Work to complete
With the pictures left out, write out exactly the lines of the listing below that run from the line with "アリーナ不定虎[訳有り?OUTLET]Haishen80 Sea cucumber" through the line with "Puente peatonal a".
***** Information given
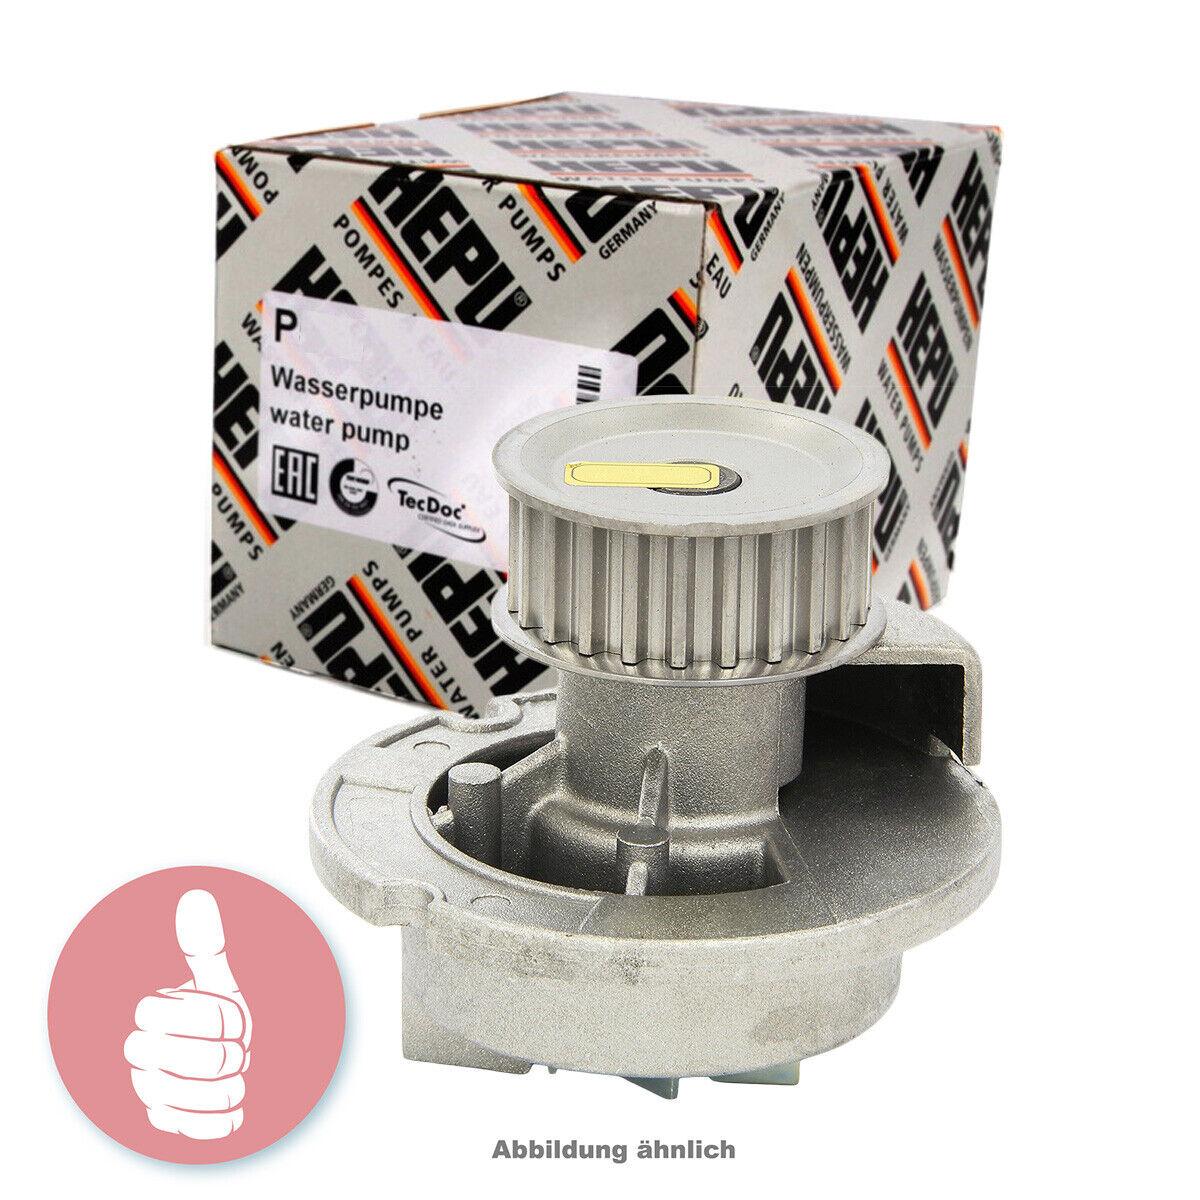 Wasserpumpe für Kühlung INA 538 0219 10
**********
***** Information given
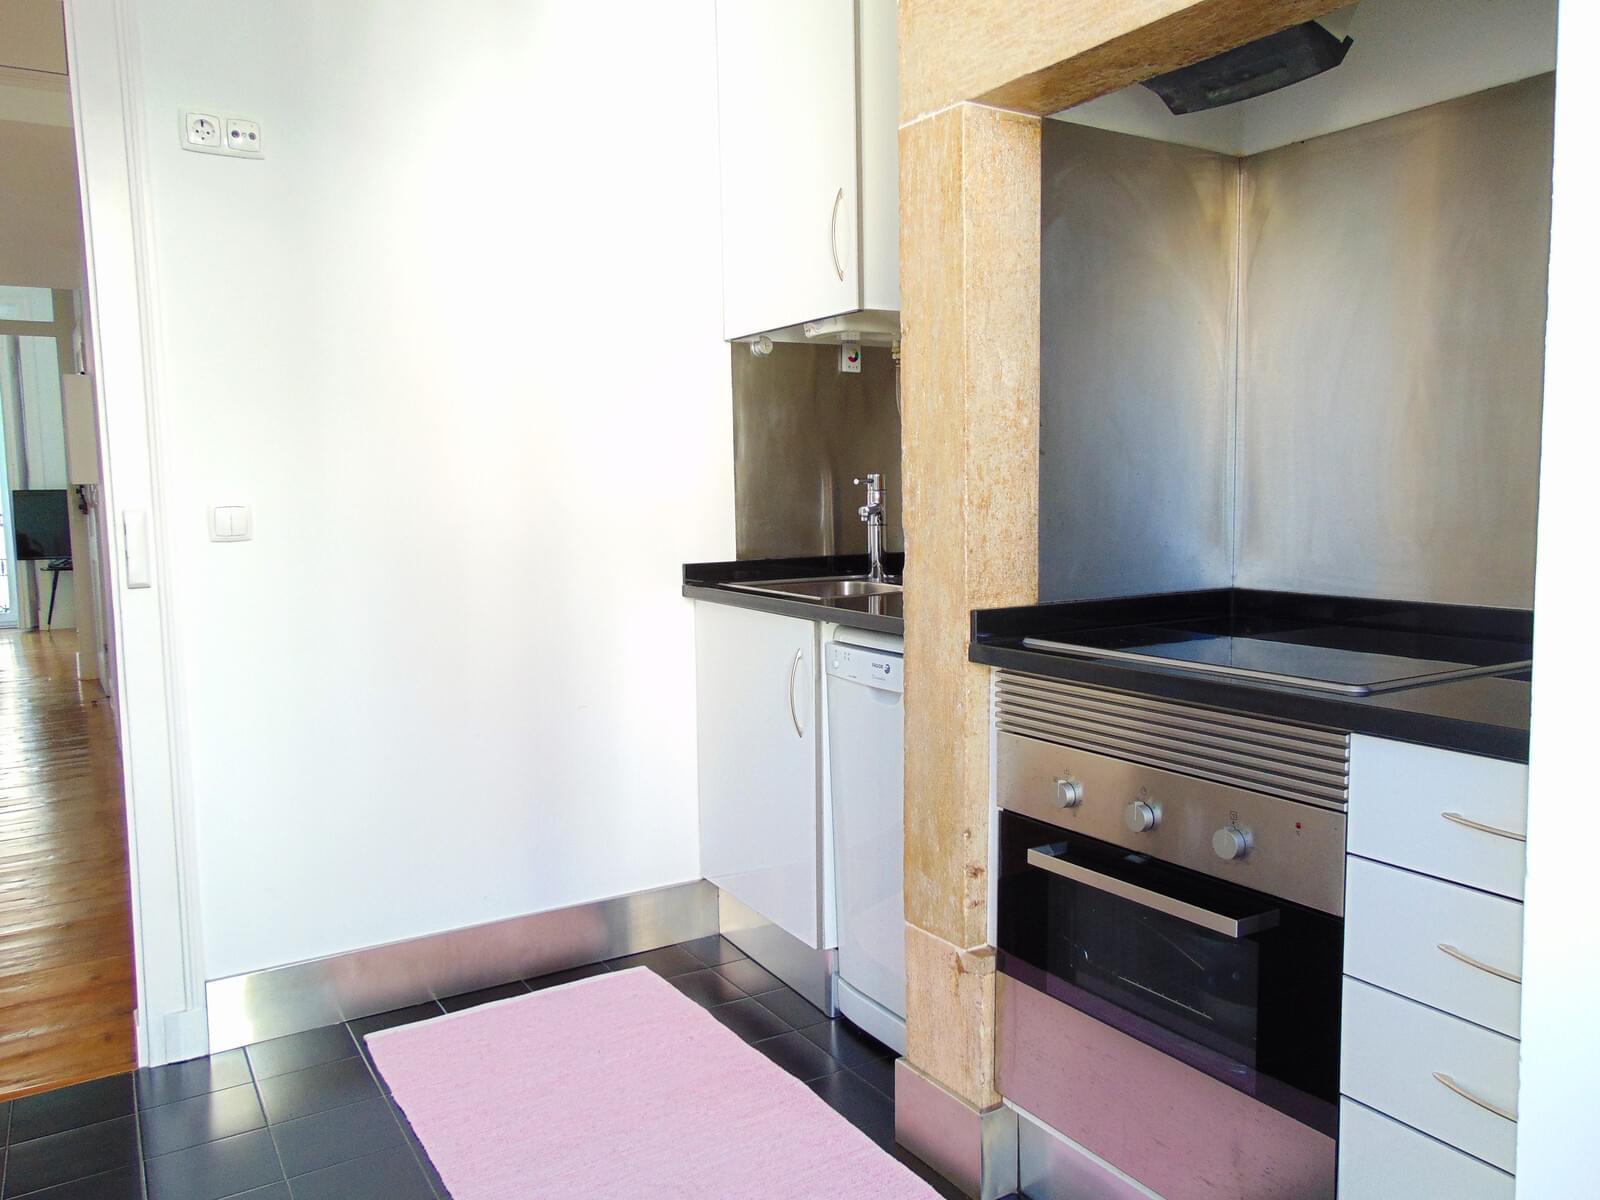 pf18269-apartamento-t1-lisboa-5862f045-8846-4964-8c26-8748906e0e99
**********
***** Information given
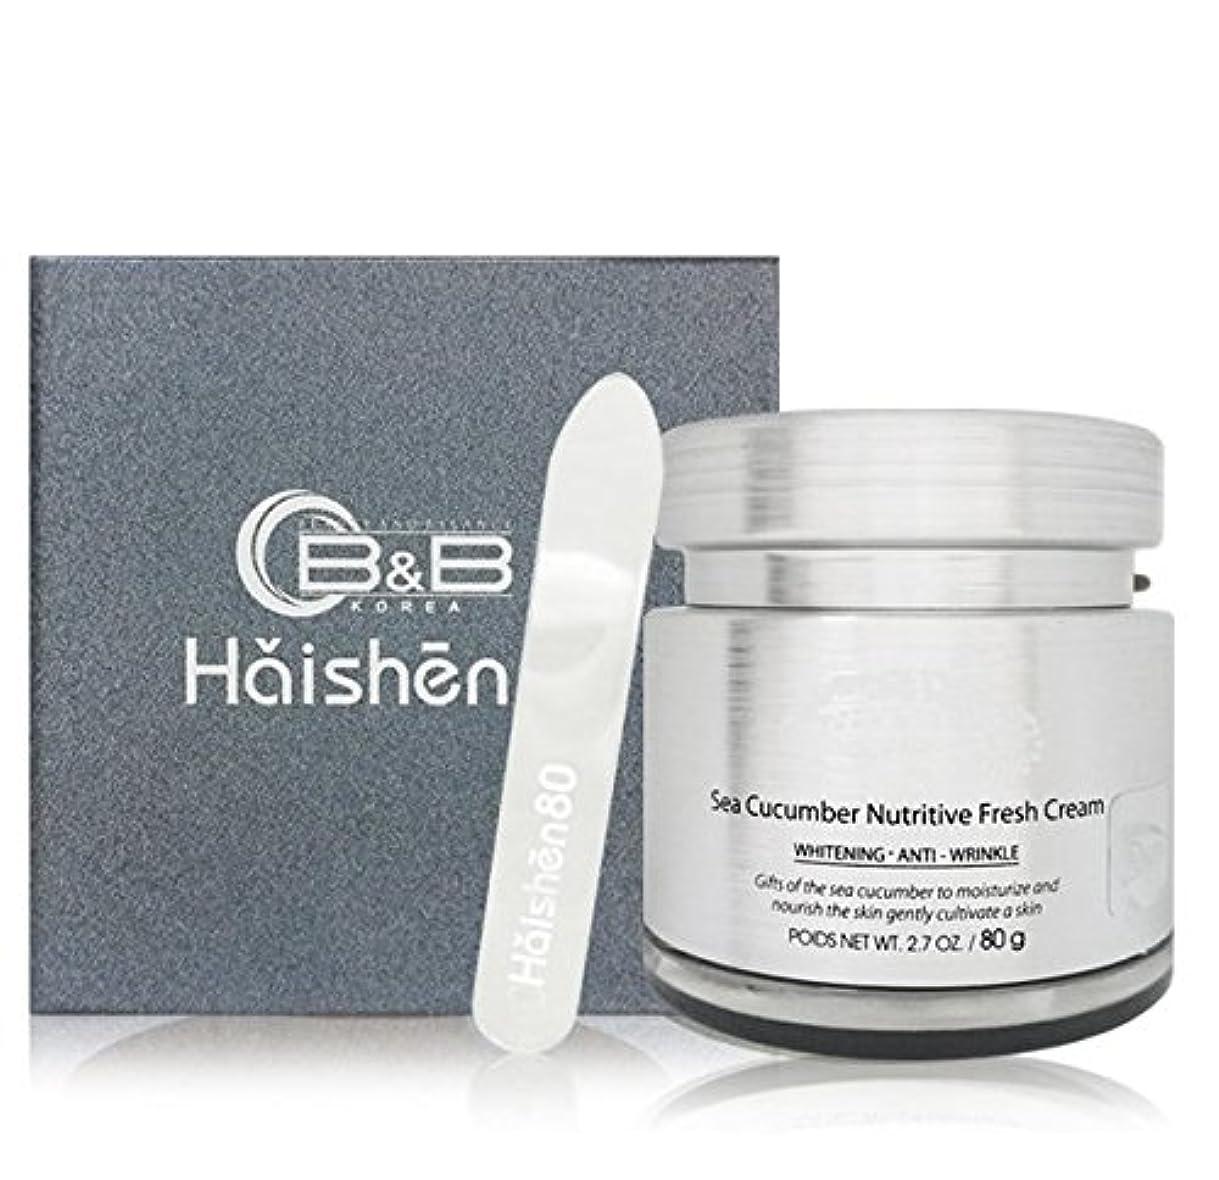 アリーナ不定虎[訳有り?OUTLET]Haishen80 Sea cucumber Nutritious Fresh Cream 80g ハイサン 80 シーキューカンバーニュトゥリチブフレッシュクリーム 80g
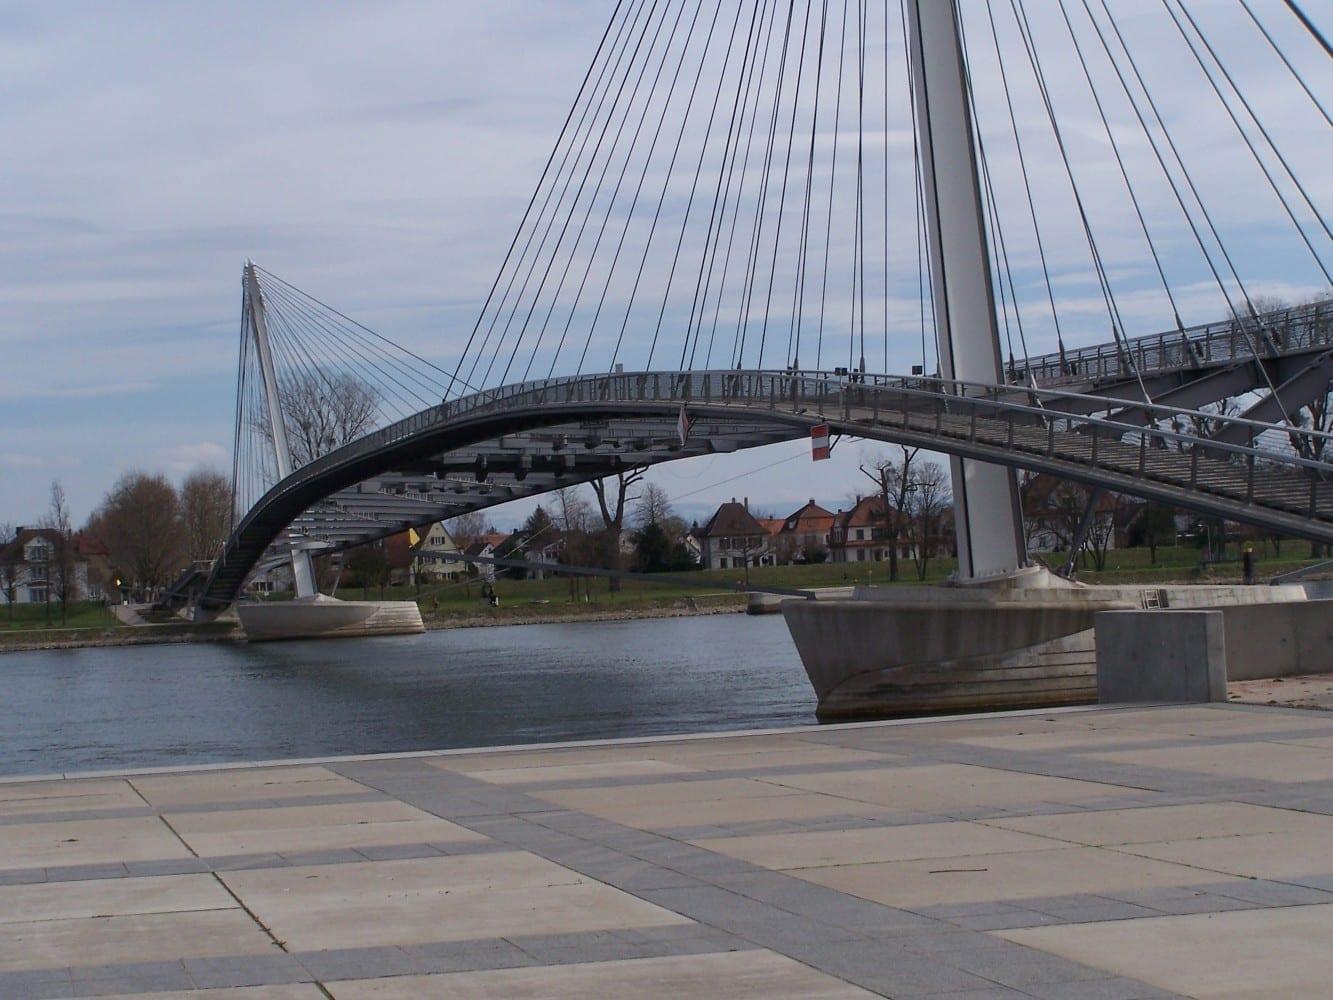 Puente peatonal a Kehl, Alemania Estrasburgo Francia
**********
Response
 アリーナ不定虎[訳有り?OUTLET]Haishen80 Sea cucumber Nutritious Fresh Cream 80g ハイサン 80 シーキューカンバーニュトゥリチブフレッシュクリーム 80g
 Puente peatonal a Kehl, Alemania Estrasburgo Francia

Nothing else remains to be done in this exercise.